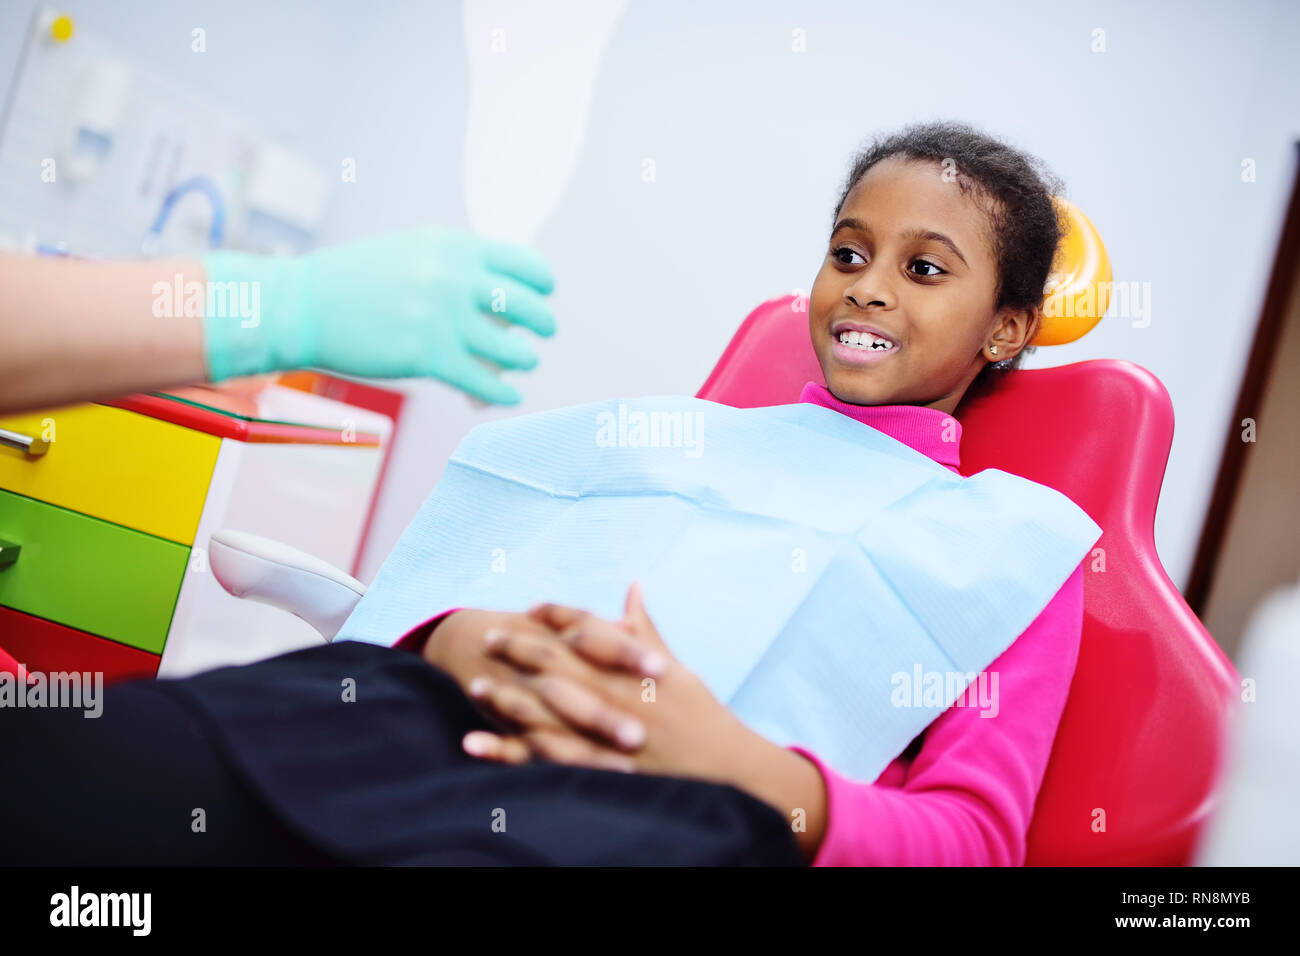 African American baby girl smiling sitting in a dental chair Stock Photo
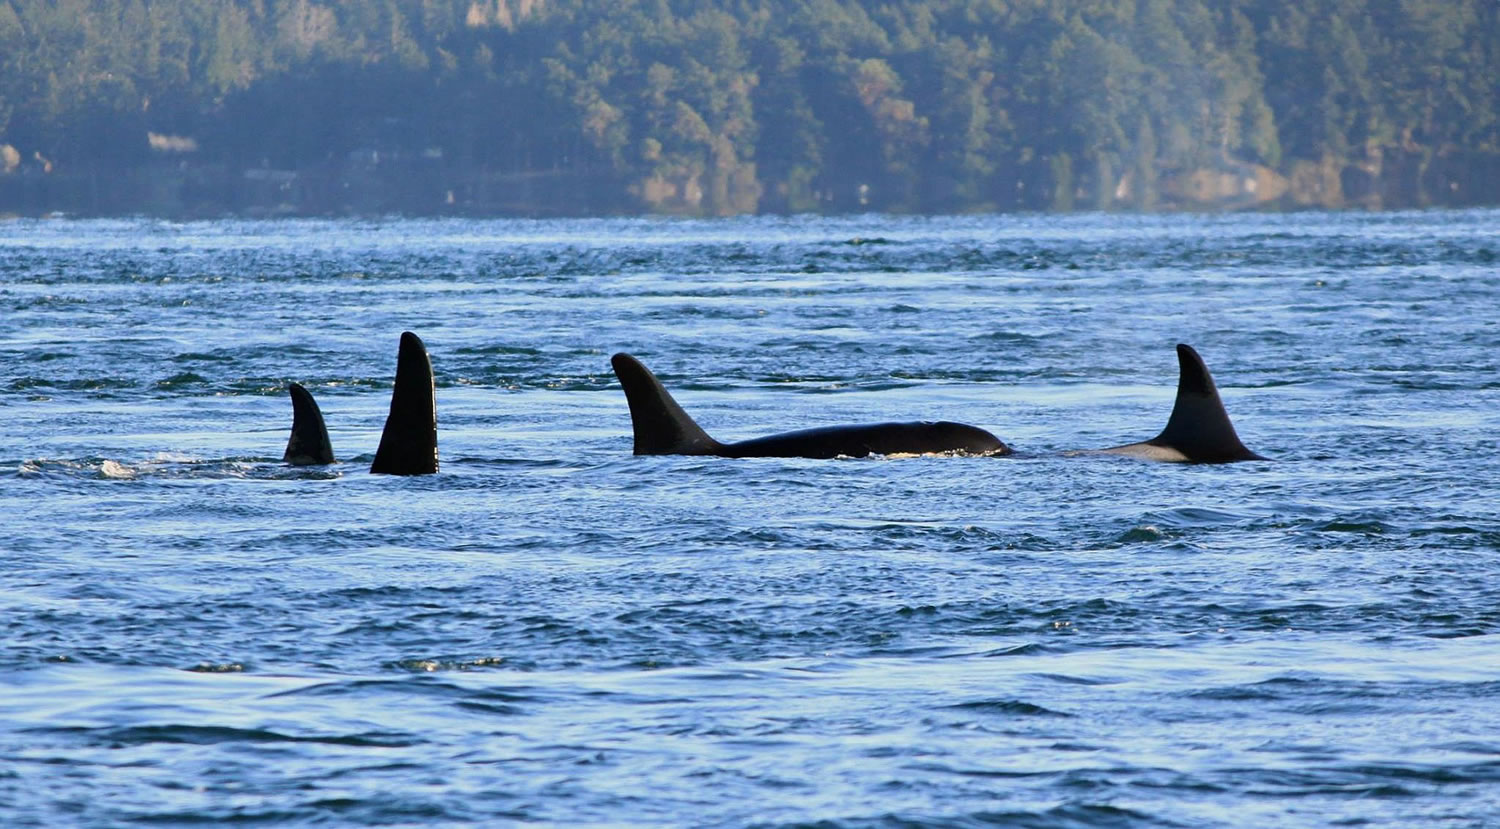 In this photo taken on Nov. 29, 2014, provided by San Juan Orcas, Puget Sound orcas known as the J-pod swim together in Spieden Channel, north of San Juan Island.
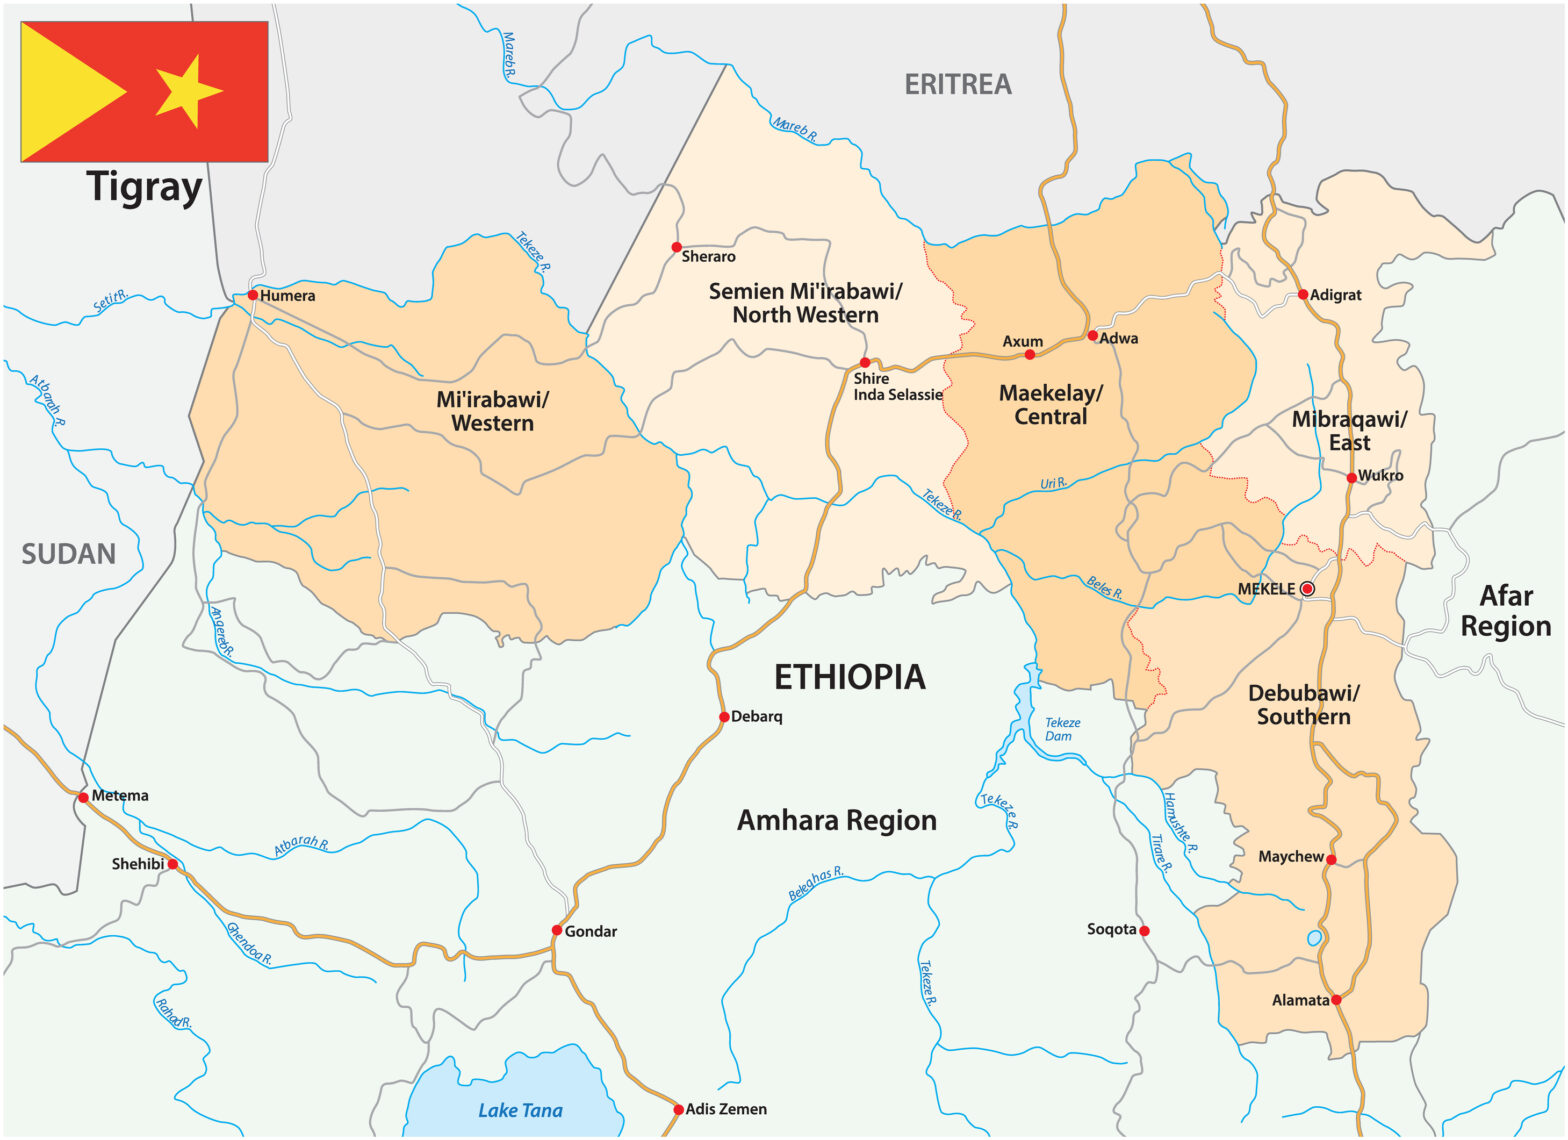 USCRI Advocates for Independent United Nations Inquiry on Missing Tigray Refugees
══════
Set the preceding data down again word for word, omitting images.

# [Task result]
 African American baby girl smiling sitting in a dental chair Stock Photo
 In this photo taken on Nov. 29, 2014, provided by San Juan Orcas, Puget Sound orcas known as the J-pod swim together in Spieden Channel, north of San Juan Island.
 USCRI Advocates for Independent United Nations Inquiry on Missing Tigray Refugees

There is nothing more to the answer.